◆ What to do
Write out, from the entries below, exactly the lines that run between the lines holding "Online shipping calculator Jukhala to Jayal" and "Tile for decor", inclusive, and stop there.
++++ Records provided
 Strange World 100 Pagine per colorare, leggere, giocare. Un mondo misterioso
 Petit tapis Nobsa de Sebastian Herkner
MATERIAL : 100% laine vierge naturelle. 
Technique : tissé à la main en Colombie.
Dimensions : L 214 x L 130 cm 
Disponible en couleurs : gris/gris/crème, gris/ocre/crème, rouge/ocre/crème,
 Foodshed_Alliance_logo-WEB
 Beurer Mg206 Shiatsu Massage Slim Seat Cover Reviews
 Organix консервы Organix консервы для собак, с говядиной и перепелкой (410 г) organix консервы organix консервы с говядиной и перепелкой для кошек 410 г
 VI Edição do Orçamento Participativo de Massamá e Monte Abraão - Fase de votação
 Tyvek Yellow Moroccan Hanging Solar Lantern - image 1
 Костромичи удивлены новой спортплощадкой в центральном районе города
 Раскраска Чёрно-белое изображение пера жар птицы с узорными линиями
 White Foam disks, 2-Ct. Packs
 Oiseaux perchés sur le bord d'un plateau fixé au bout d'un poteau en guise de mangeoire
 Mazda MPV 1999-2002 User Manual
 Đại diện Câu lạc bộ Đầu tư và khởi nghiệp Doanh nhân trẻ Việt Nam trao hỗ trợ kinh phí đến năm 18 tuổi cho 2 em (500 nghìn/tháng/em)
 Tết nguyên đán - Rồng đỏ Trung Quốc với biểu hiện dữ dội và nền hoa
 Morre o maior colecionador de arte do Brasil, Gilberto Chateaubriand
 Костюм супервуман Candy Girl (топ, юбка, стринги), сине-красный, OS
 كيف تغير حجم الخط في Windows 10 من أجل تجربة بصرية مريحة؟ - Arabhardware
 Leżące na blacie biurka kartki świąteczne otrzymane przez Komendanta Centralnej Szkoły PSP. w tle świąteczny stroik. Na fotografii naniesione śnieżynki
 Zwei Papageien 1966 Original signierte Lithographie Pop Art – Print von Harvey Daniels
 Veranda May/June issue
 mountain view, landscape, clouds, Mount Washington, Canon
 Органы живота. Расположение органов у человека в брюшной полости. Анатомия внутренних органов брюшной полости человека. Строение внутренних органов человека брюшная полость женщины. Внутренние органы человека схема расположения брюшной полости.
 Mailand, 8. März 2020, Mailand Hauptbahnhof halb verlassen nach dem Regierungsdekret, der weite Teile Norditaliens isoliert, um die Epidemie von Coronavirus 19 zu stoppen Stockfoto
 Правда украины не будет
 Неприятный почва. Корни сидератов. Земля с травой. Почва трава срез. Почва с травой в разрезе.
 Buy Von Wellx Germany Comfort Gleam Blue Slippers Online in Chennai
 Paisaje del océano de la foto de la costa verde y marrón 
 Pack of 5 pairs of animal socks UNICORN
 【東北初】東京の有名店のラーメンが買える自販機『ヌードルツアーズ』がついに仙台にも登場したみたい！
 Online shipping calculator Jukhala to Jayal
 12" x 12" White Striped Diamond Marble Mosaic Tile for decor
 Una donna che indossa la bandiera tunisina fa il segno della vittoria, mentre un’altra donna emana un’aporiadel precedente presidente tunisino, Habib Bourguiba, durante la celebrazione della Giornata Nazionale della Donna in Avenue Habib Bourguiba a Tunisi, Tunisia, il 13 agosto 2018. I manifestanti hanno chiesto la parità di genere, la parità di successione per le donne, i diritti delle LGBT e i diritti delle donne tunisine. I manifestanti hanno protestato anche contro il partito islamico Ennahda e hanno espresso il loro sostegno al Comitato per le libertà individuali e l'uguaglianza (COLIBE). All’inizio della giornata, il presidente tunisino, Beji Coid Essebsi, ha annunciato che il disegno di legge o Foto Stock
++++++++
◆ Solution to this exercise
 Online shipping calculator Jukhala to Jayal
 12" x 12" White Striped Diamond Marble Mosaic Tile for decor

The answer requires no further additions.